En este comienzo de marcha a la búsqueda de un tiempo aún no perdido, la crónica inicial
de esta página, que ha de ser de información y crítica semanal, desea subrayar —como señal de la hora— la ostensible depresión literaria que caracteriza los últimos años de la actividad nacional. En otras épocas, que nunca fueron de oro —fuerza es reconocerlo—, jóvenes inquietudes removían el curso de las generaciones, y por lo menos una apariencia de labor colmaba el correr de los días. En la actualidad, sobre los cotidianos escorzos poéticos, síntomas más bien de insuficiencia que de riqueza, las letras siguen destilándose de las antiguas y patinadas plumas. Esto induce a pensar en un país fantástico en que de pronto hubiera desaparecido la juventud y el reloj de la vida siguiera dando siempre una idéntica hora. No son ajenos a este fenómeno, a más de la universal latitud de la imaginación creadora, aprisionada en las redes de los antagonismos políticos y la pereza mental de nuestra idiosincrasia criolla, los acontecimientos políticos que hace ya más de un lustro paralizaron el cerebro de la comunidad, arremolinando sus energías alrededor de un solo centro. Esa sacudida histórica desvió el curso de las mejores voluntades, que por lo menos simbólicamente trocaron las letras por las armas; sacrificio intelectual de una generación en formación que una valiente y alta voz se adelantó a denunciar en el correr de la agitación ciudadana. No es éste un reproche —como no lo fue el del escritor aludido— sino una comprobación que hasta puede importar un elogio. Pero ya es tiempo de apearse —sin que esto importe adelantar un juicio en otros aspectos de la vida nacional— de aquella posición, y darse sin exclusivismos cada una a lo suyo a favor de esa aura reordenadora, neorromántica, impregnada de ancho humanismo que está dando la vuelta al mundo.
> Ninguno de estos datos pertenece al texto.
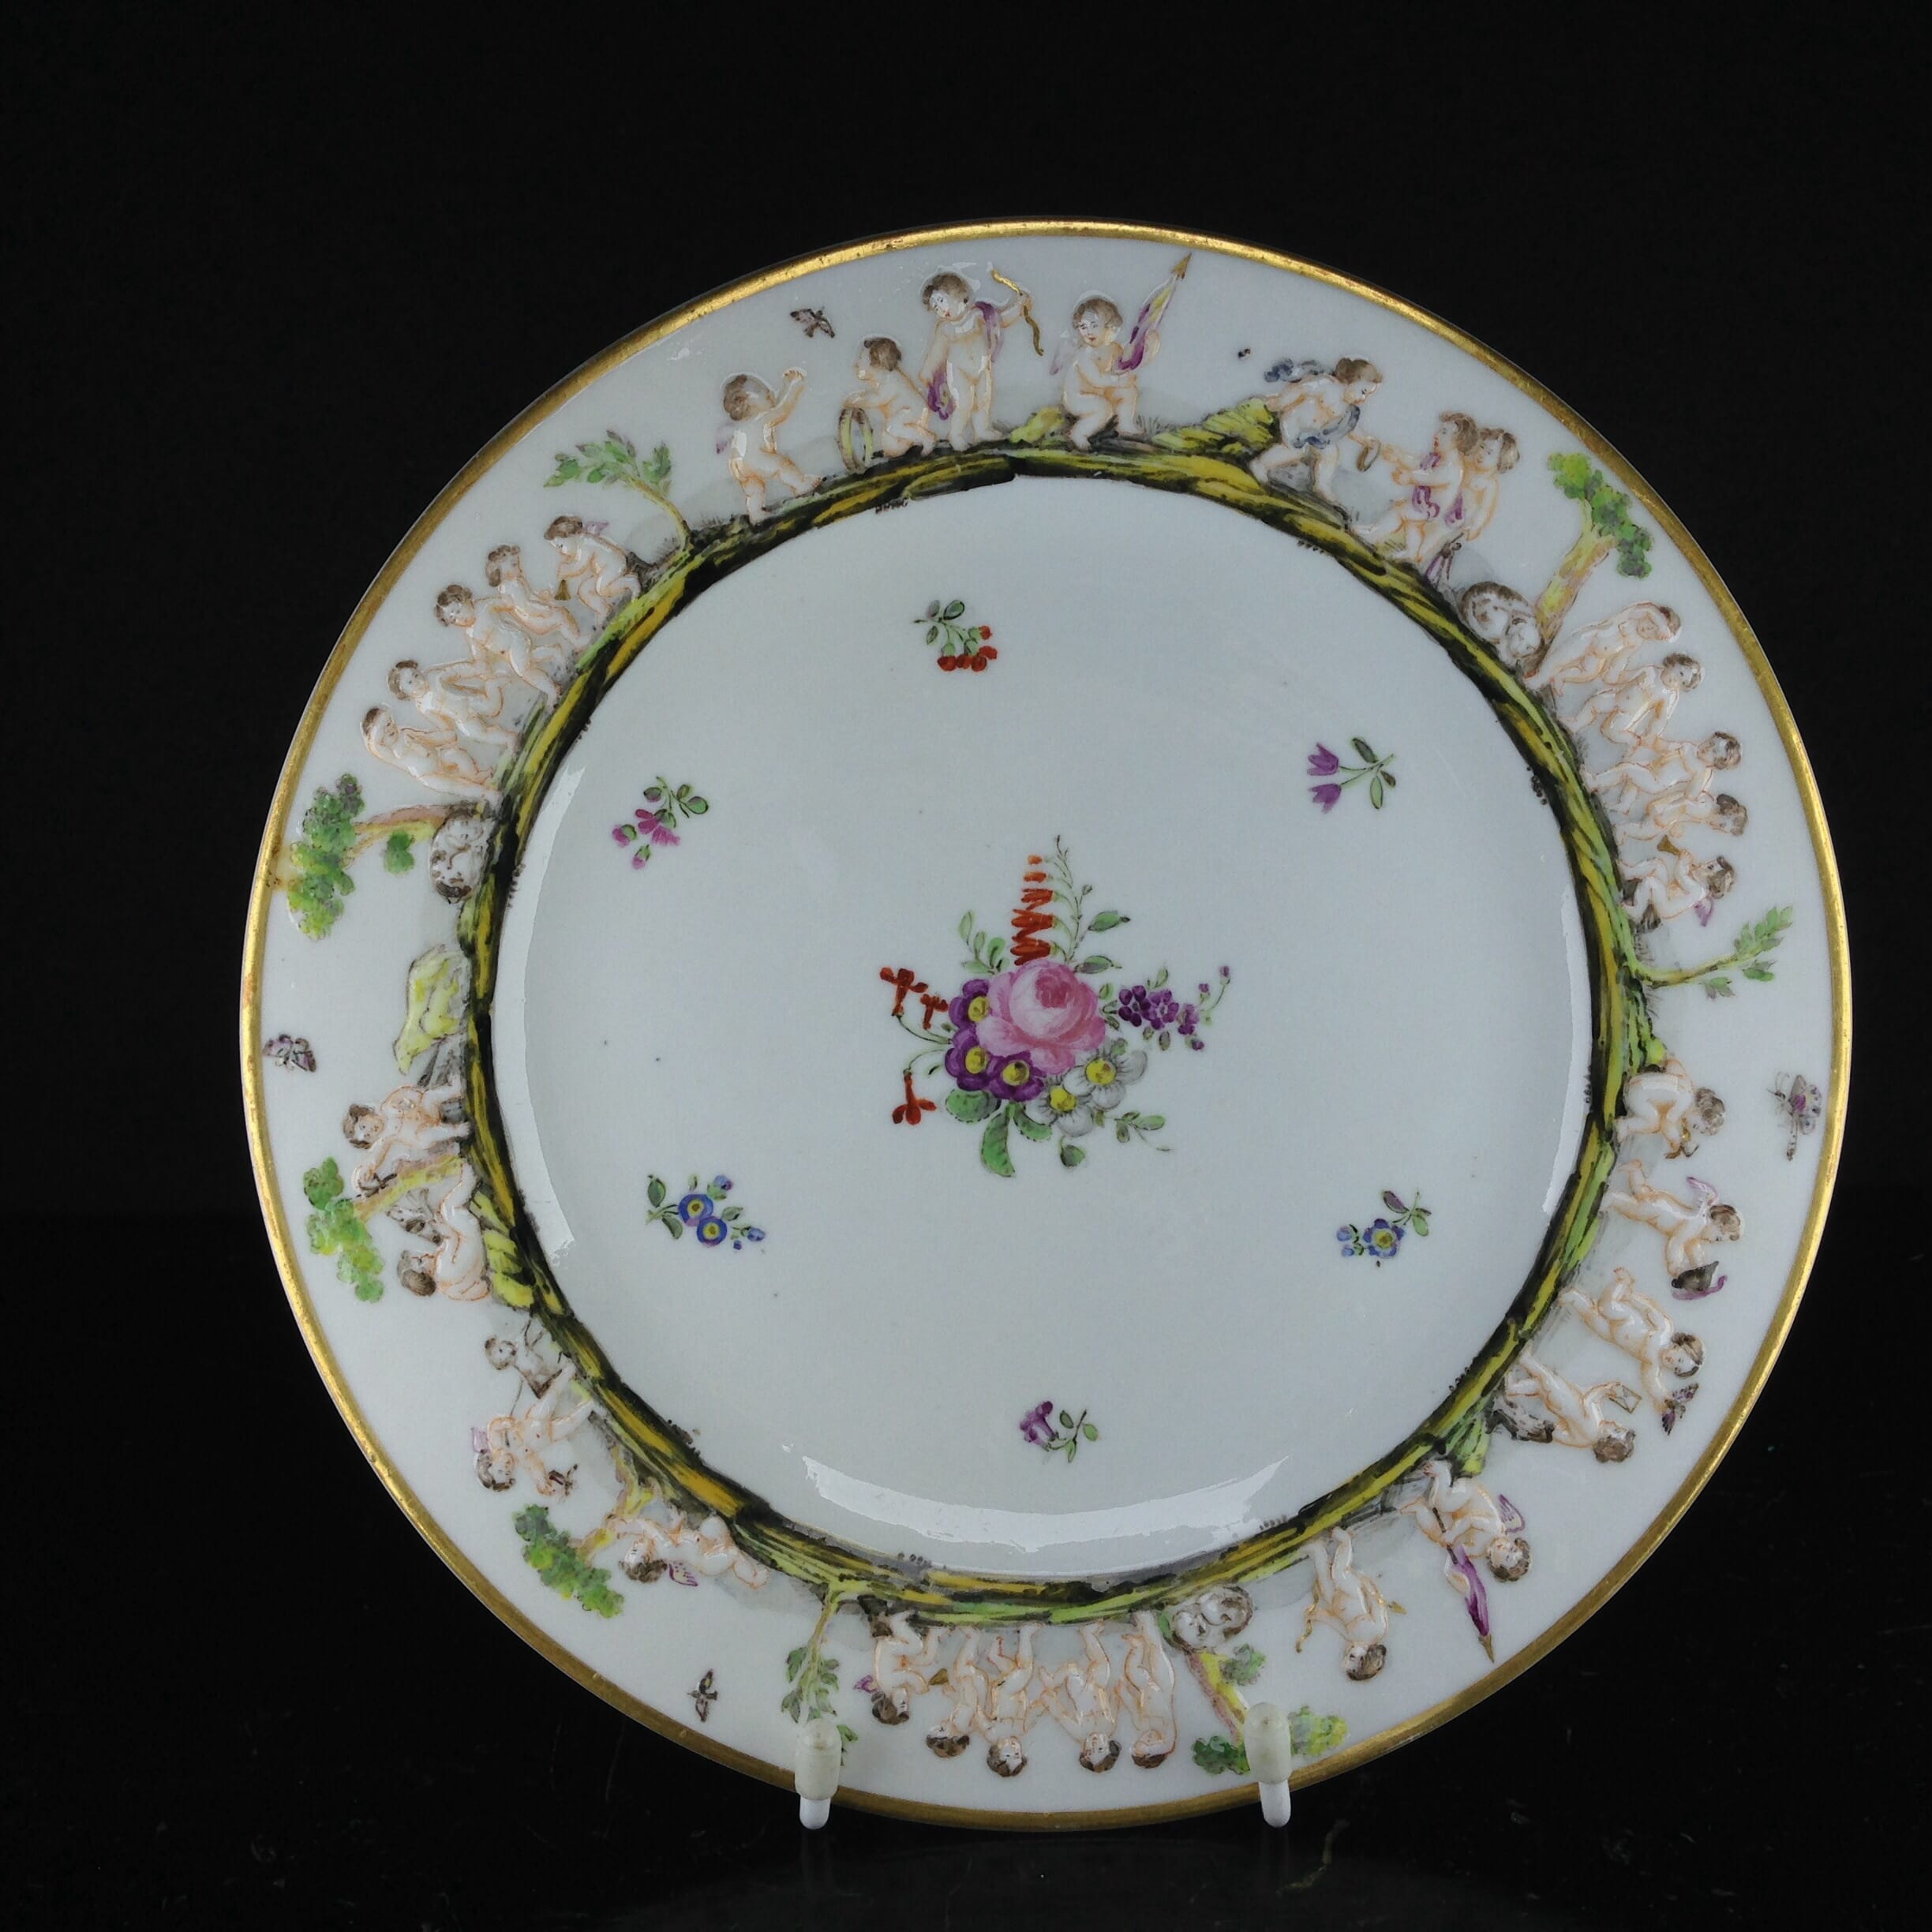 Naples Royal Porcelain Factory plate, cherubs, c.1780. -0
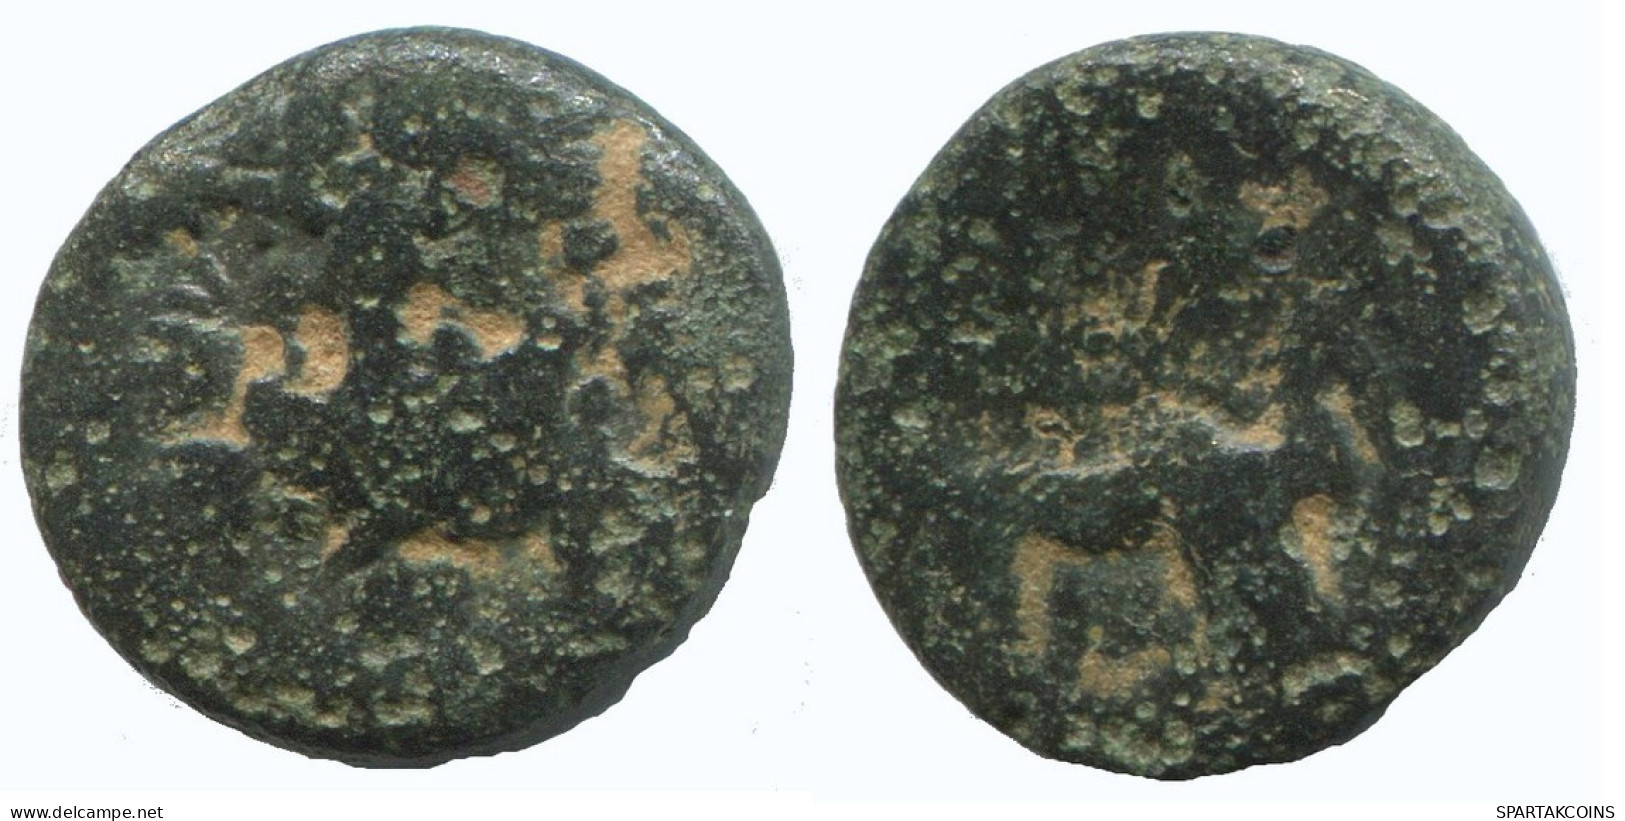 Antike Authentische Original GRIECHISCHE Münze 2g/14mm #NNN1461.9.D.A - Griechische Münzen

Entretanto vírgenes territorios literarios de la ciudad y el campo ofrecen su angosta pero
profunda riqueza sentimental a los más nuevos viadores. Es necesario que una ráfaga de atrevimiento, de firme y puro atrevimiento intelectual cure y discipline el desgano de las inteligencias nacientes y que haya alguien que sepa recoger las lecciones que Ortega y Gasset dictaba a los jóvenes argentinos, con estas palabras de Hegel, que deben grabarse como un lema: «Tened el valor de equivocaros».